Joe Elsasser has a problem that plenty of advisors wish they had themselves: His retirement planning practice in Omaha, Neb., is growing so fast, he's worried he soon won't be able to keep pace with the workload.
"If this keeps snowballing, I could be in real trouble," Elsasser, a certified financial planner who runs Sequent Planning, says with a wistful laugh.
As the heads of their own thriving advisory firms, Rosemary Caligiuri of Harvest Group Financial Services in Langhorne, Pa., and James E. Poe of Texas Retirement Specialists in Dallas-Ft. Worth, can sympathize with Elsasser. They, too, run practices whose revenues are consistently robust, whose client and prospect pipelines are consistently full, and whose competitive standing in the markets they serve is consistently strong.
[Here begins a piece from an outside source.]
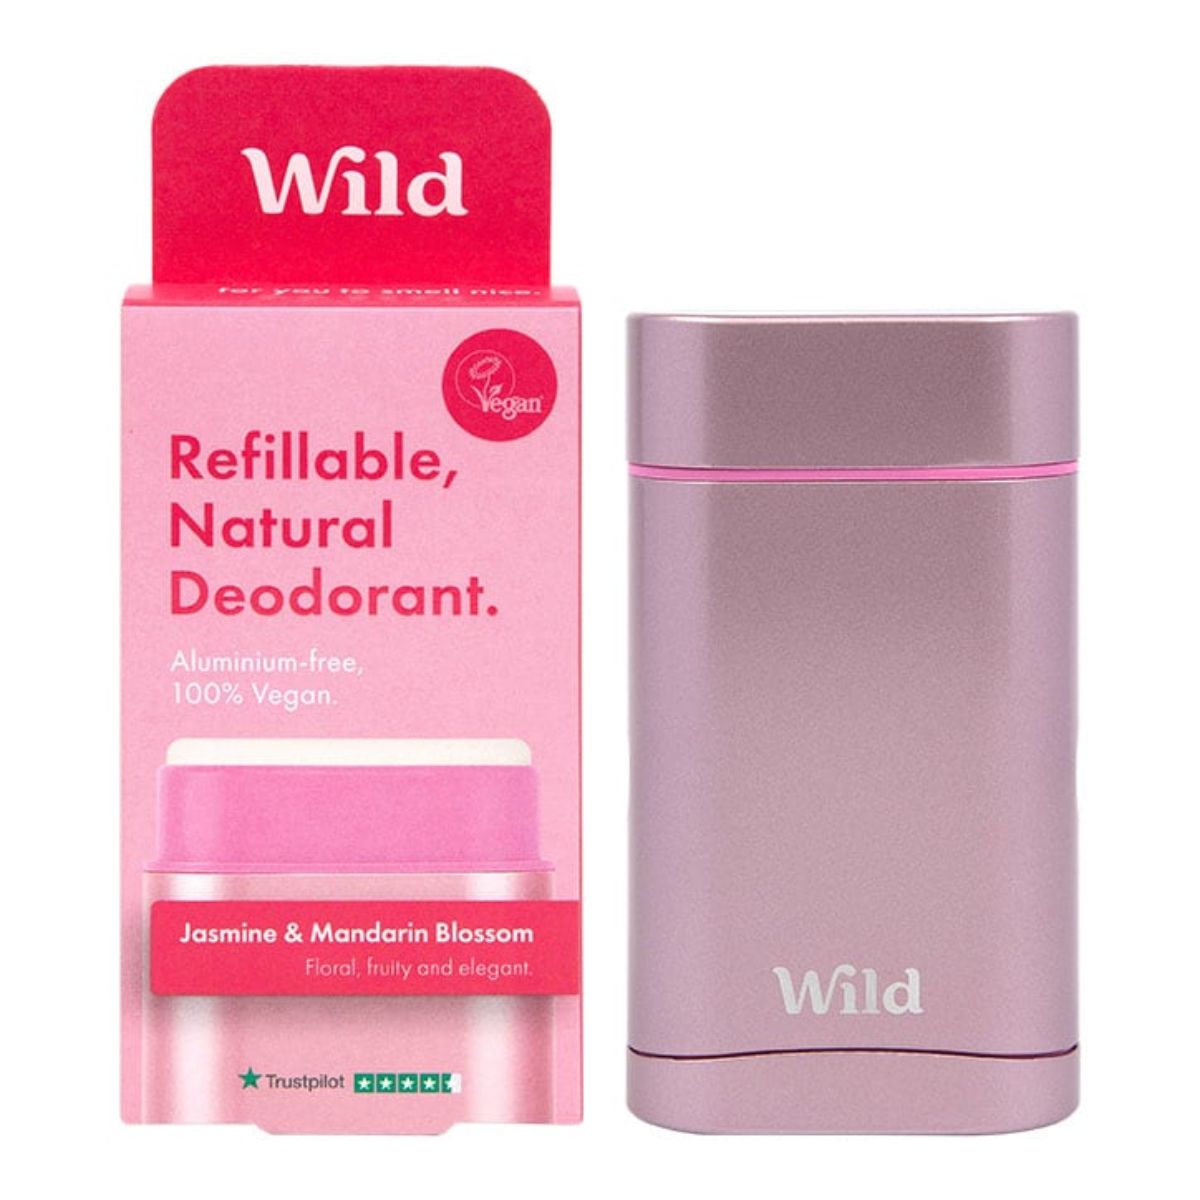 WILD Deodorant

How did Elsasser, Caligiuri and Poe get their firms to the top? And what are they doing strategically to stay there?
The Caretaker
As a former registered nurse and founder of a flourishing advisory practice, Rosemary Caligiuri knows how to take care of people's health —and their wealth. Having spent two decades building her wealth management firm outside Philadelphia into a 1,000-client powerhouse, she evidently knows how to take care of her business, too.
Caligiuri says her success is no accident, but rather the result of a focused, sustained practice-building effort. In the mid- to late-1990s when her firm was still relatively young, she relied heavily on educational seminars aimed at her target client demographic: pre-retirees and recent retirees within the high-net-worth and mass affluent segments. Come the early 2000s, her practice now firmly established, Caligiuri began hosting a weekly radio program ("Financial Issues and Answers," still on the air locally in 2013) focused on financial and retirement literacy, which brought still more clients. The radio gig in turn opened doors to other media opportunities, from bylined articles in local publications to becoming a source for leading international finance and business outlets.
"I've always kept an eye out for marketing opportunities through the media," she says. "It's important to keep my face out there."
Those marketing efforts having proven fruitful, Caligiuri is at the point now where she's quit doing seminars altogether. The bulk of her new business comes via referrals, oftentimes from within a family. "We're doing a lot of generational planning," she says. "We're asking clients to send their children to us and as a result, the money stays with us."
Meanwhile, Caligiuri continues to hold semi-annual "market snapshot" events where her clients are encouraged to bring guests, along with large client "thank-you" events and smaller, more intimate, high-end client gatherings.
As prosperous as her practice has become, Caligiuri says she's diligent about maintaining the momentum she's worked so hard to build. "You can't just sit back and rest on your laurels."
The Experimenter
When it comes to investigating new tactics and channels for attracting the high-net-worth clients that his firm targets, "we will try almost anything once," says James Poe.
In Poe's case, "anything" means advertising in local print media, hiring a media/public relations firm for outreach to local and national media, and even encouraging members of his advisory team to seek teaching posts at local universities.